Written by George S. Kaufman (who wrote "A Night At the Opera" and others for the Marx Brothers) and Moss Hart (author of dozens of Broadway shows and director of the original Broadway productions of "Camelot" and "My Fair Lady"), this classic of the American theater tells the wildly adventurous tale of a famous but ornery radio personality who takes over an Ohio household at Christmas time.

Directed by Northern Stage Associate Artistic Director Robert Jay Cronin, the play stars Broadway veteran Robert Ousley as Sheridan Whiteside, the world’s worst holiday houseguest. After he slips and falls outside an Ohio home, the famous radio personality must stay to recover. Along the way, he turns the household into comic chaos, complete with singing, tap-dancing children. Favorite holiday carols, fast-moving comedy and an unbelievable cast of characters make this play an outstanding event for the whole family.

Ousley comes to Northern Stage with a long list of stage credits, including the original Tony Award-winning Broadway production of "Sweeney Todd" with Angela Lansbury; the recent Tony Award-winning revivals of "Kiss Me Kate" and "Showboat;" "Othello, starring Christopher Plummer and James Earl Jones; "Threepenny Opera" with Sting; "City of Angels;" and the late Richard Harris’ five-year world tour of "Camelot."

The cast also includes professional actors Ian Blackman and Shannon Polly, as well as returning Northern Stage favorites, including John Hayden, Amber Dow, Kevin Carter, M. Carl Kaufman, Brad Bass, and Kathleen Wallace.
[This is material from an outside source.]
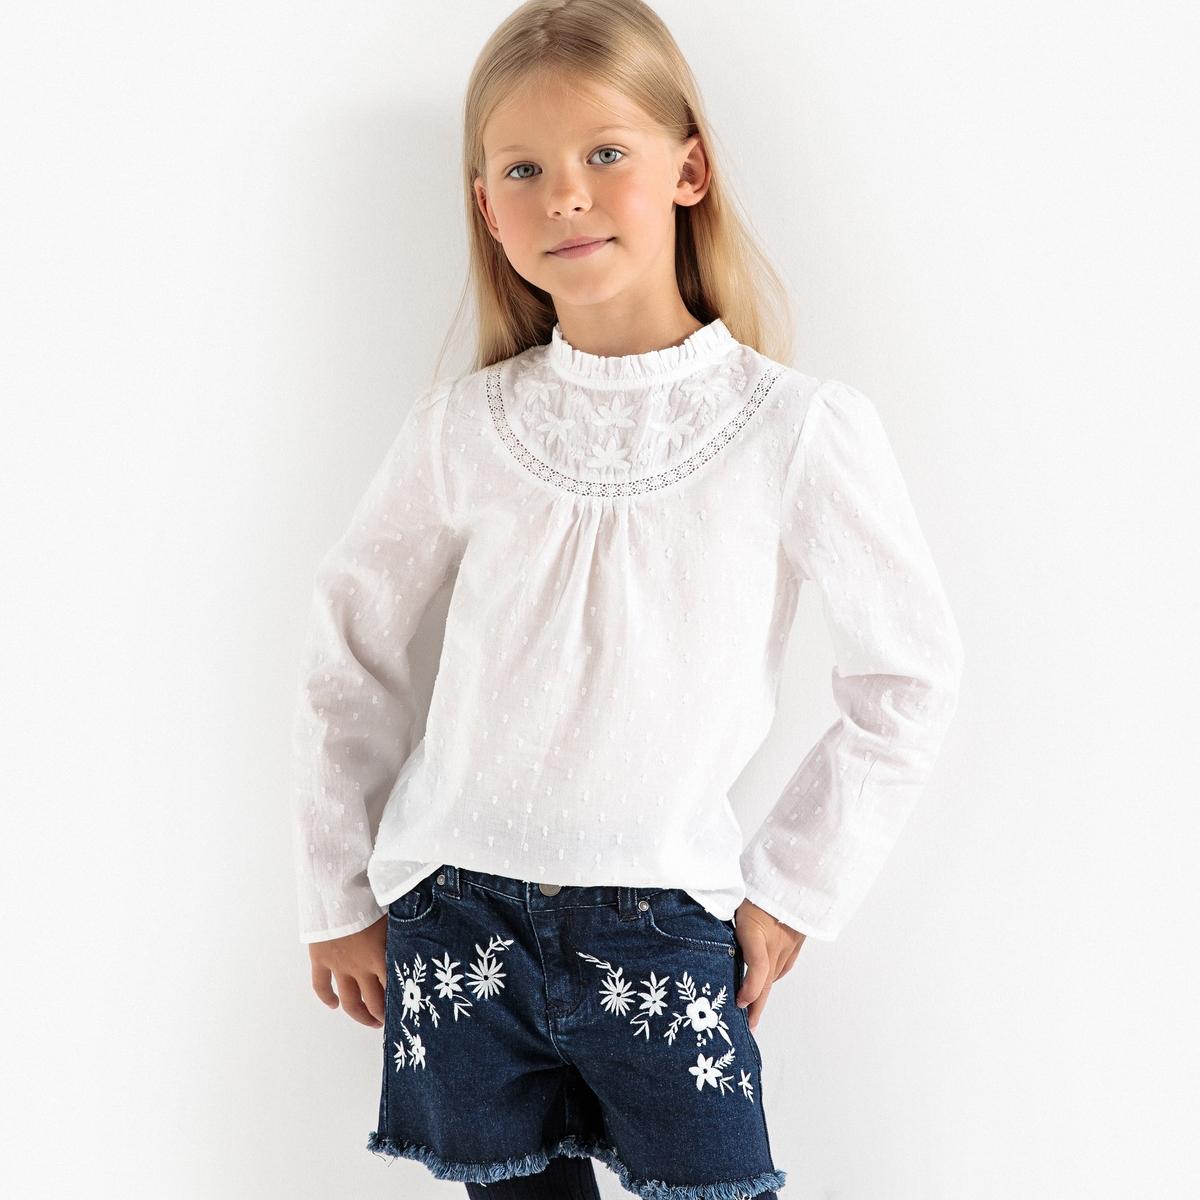 Блузка из расшитой гладью ткани с вышивкой, 3-12 лет джинсы скинни с вышивкой 3 12 лет

Kaufman was from Pittsburgh, where he wrote stories and plays for his high school literary magazine before entering law school. Pleurisy forced him to abandon higher education, after which he worked as a typist, a clerk, and a salesman. In New Jersey, working for a ribbon company, he sent humorous essays to the Passaic Herald and then to the New York Tribune, eventually rising to a spot as drama reporter for the paper.

By 1937 Kaufman was a successful writer and director of a succession of hit plays, musicals, and films. Despite his extraordinary success on Broadway, he was terrified of failure and kept his day job as drama critic at the Times. His collaboration with Hart has been likened to that of Gilbert & Sullivan.

Hart was a penniless 25-year-old in 1929, with one ambition: to be a Broadway playwright. Sam Harris, a highly successful Broadway producer, linked him up with Kaufman, one of the most successful playwrights in the country, and the two created a mega-hit with "Once In A Lifetime." Over the next 10 years, they wrote seven more shows together. Four were long-running hits, and the others were successes that other playwrights would have been pleased to claim. "You Can’t Take It With You" won them the Pulitzer Prize.